Cette journée mondiale des écrivains emprisonnés a été instaurée en 1981 par le PEN Club international et est commémorée chaque année. La Maison des journalistes, qui accueille en ces murs des journalistes ayant parfois été incarcérés pour leur travail, est particulièrement concernée par cette journée. « C’est avec un immense plaisir que nous accueillons cette table ronde », a introduit Darline Cothière, directrice de la MDJ. « La MDJ, qui héberge et accompagne des journalistes depuis 20 ans, sait combien il est important de remuer la plume dans la plaie. Une telle table ronde à la MDJ avait donc tout son sens et ne pouvait être manquée. »

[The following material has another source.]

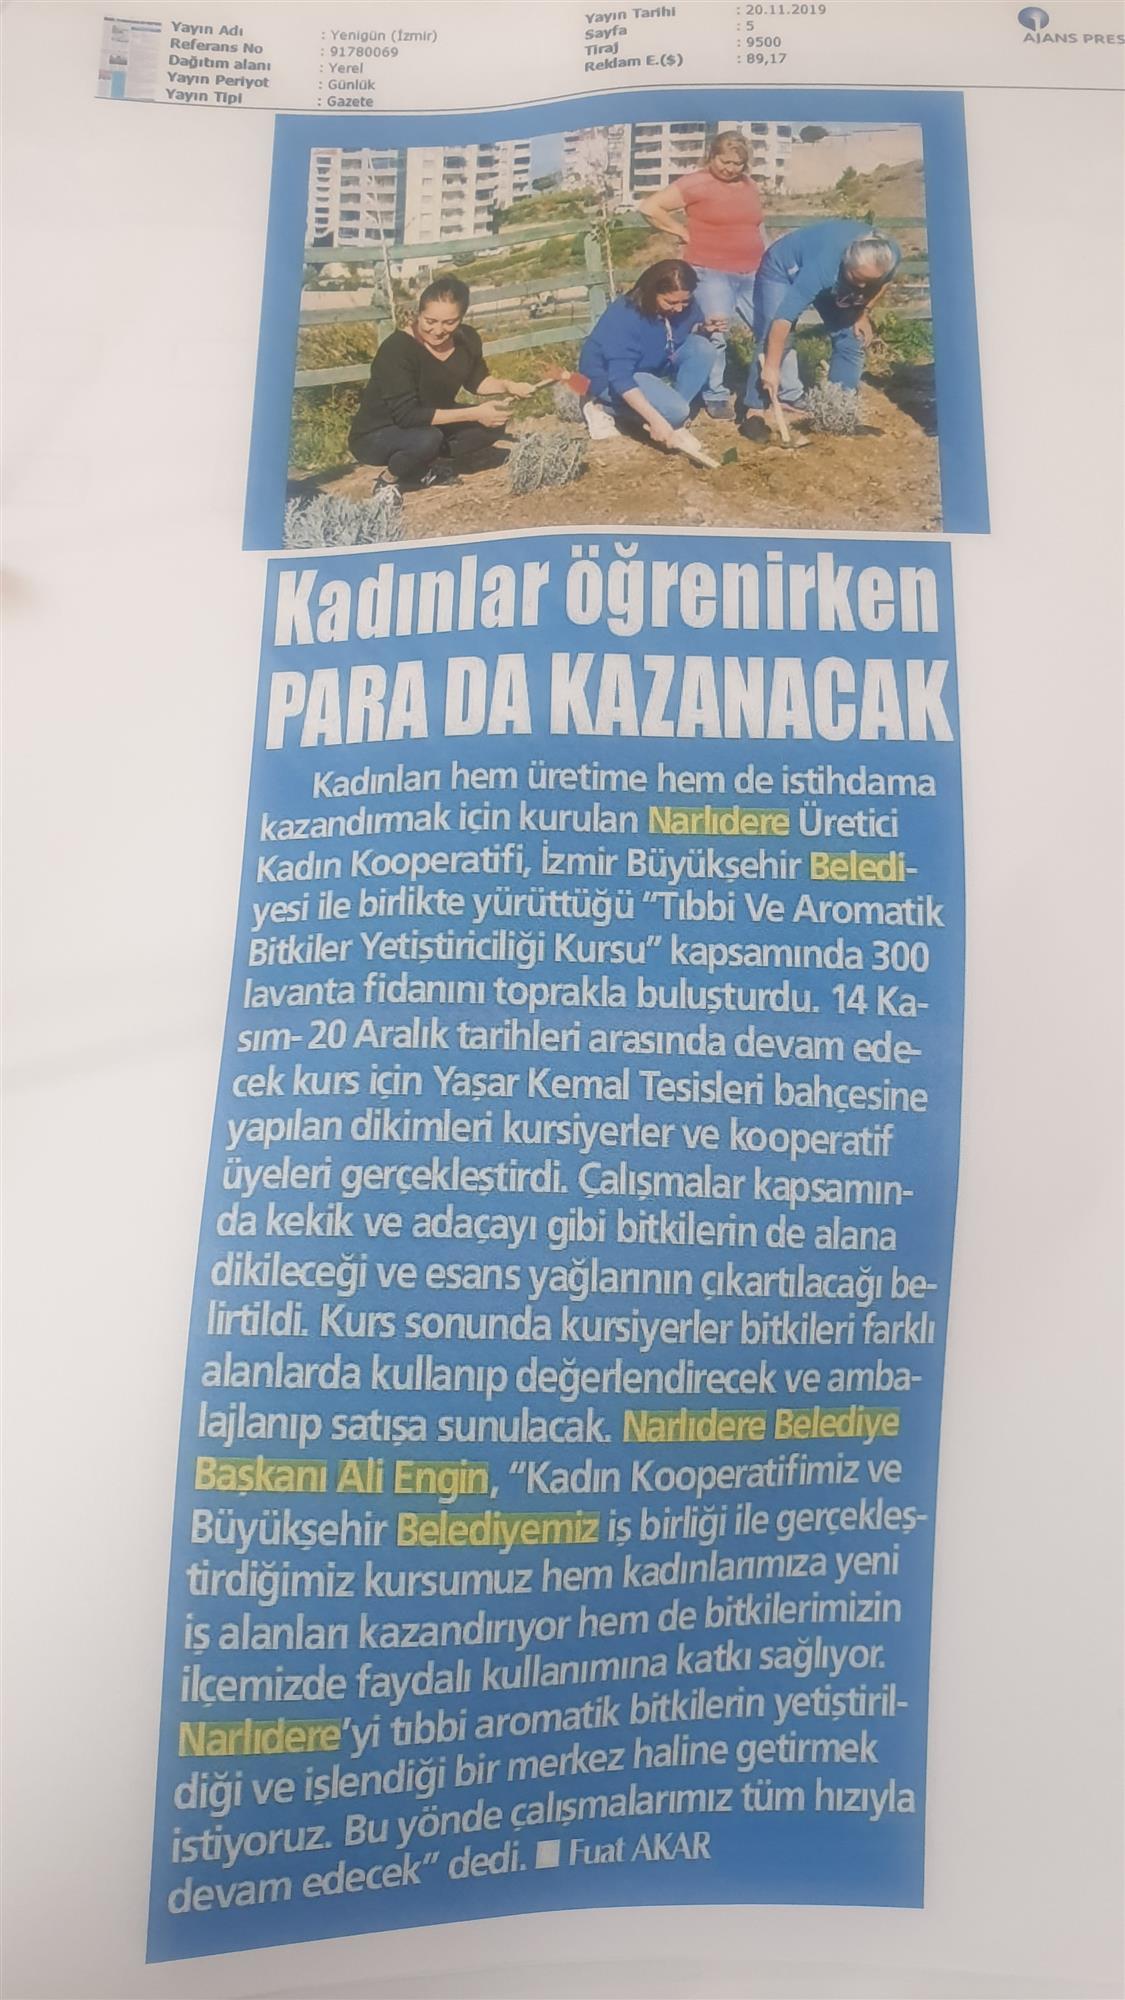 gazete-haberleri20201281672778
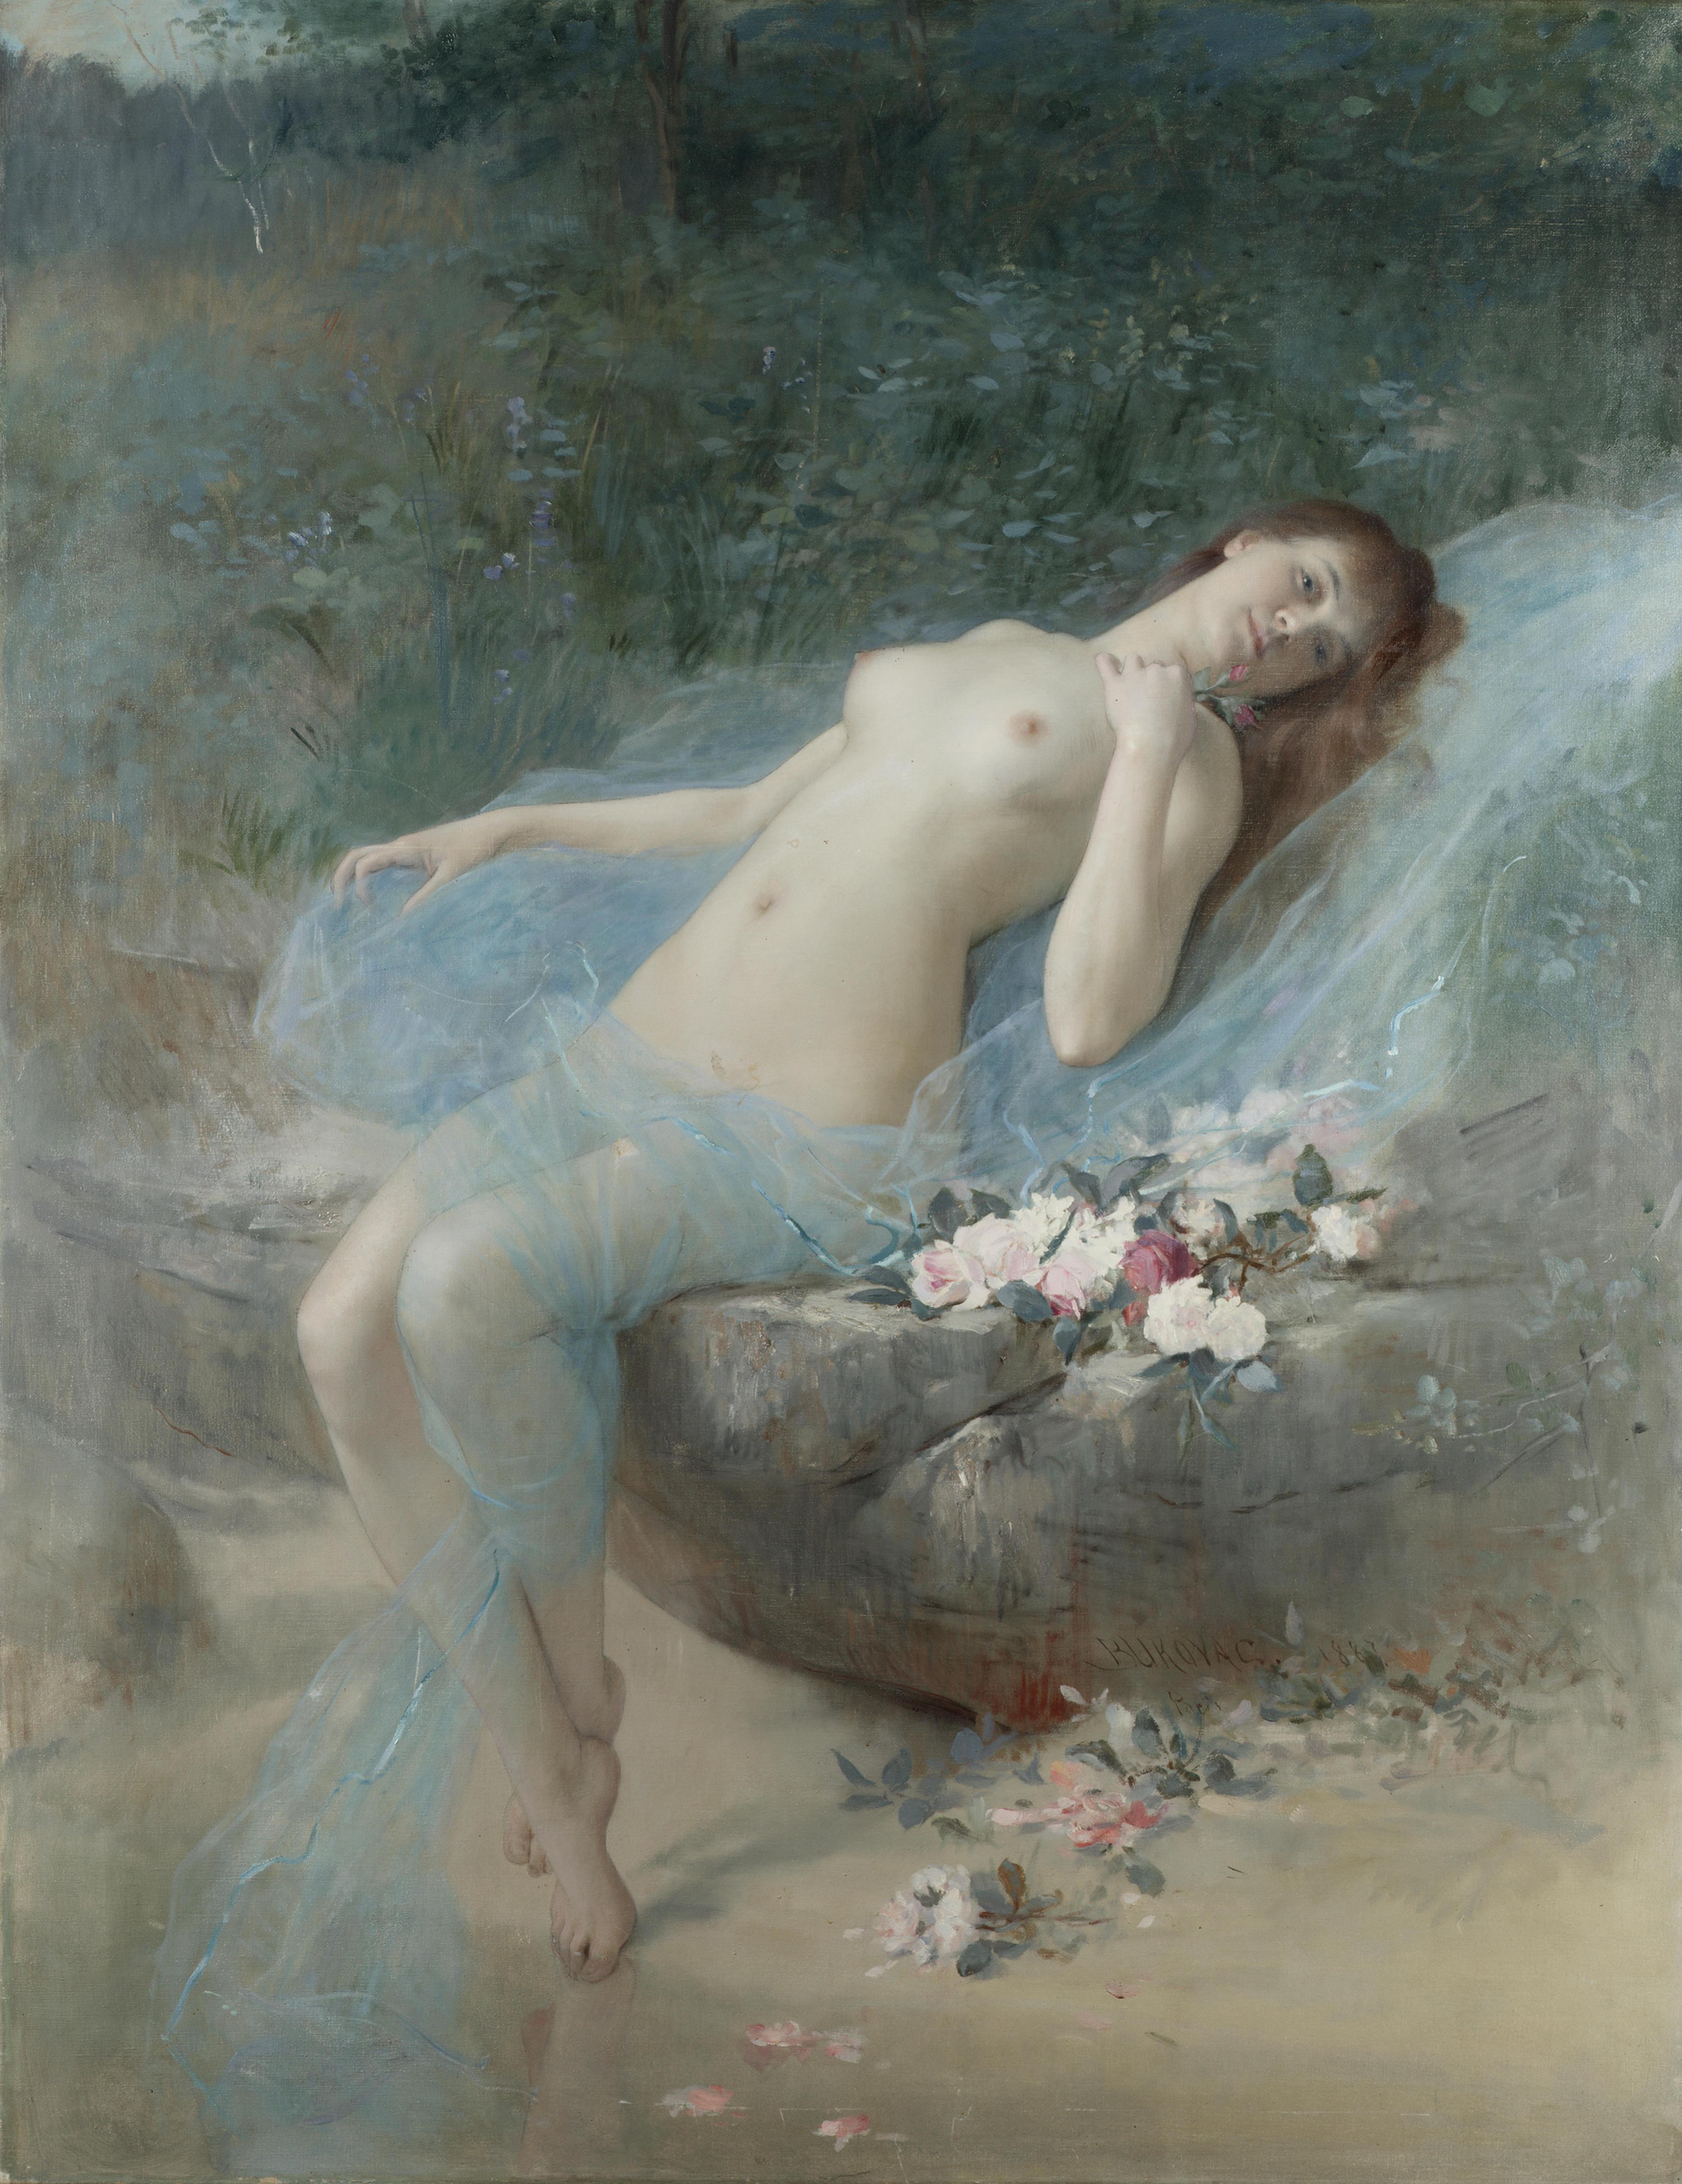 Vlaho Bukovac, 1855-1922. Лежащая обнаженная. 127 x 97 см. Частная коллекция

Des centaines d’écrivains et journalistes morts ou emprisonnés en 20 ans
« Depuis 2004, 699 écrivains et journalistes ont été attaqués, emprisonnés et harcelés », explique le président du PEN Club Français, l’auteur Antoine Spire. Il a ouvert la table ronde en citant quelques noms d’écrivains persécutés, notamment celui de María Cristina Garrido Rodríguez (emprisonnée à Cuba), ainsi que celui du Marocain Soulaimane Raissouni. Parmi ces 700 personnalités, 12 ont disparu et 28 ont été tuées. « Nous avons décidé de nous réunir à la Maison des journalistes car il s’agit d’un lieu hautement symbolique, qui donne l’asile à ces journalistes pourchassés pour avoir voulu faire leur métier. »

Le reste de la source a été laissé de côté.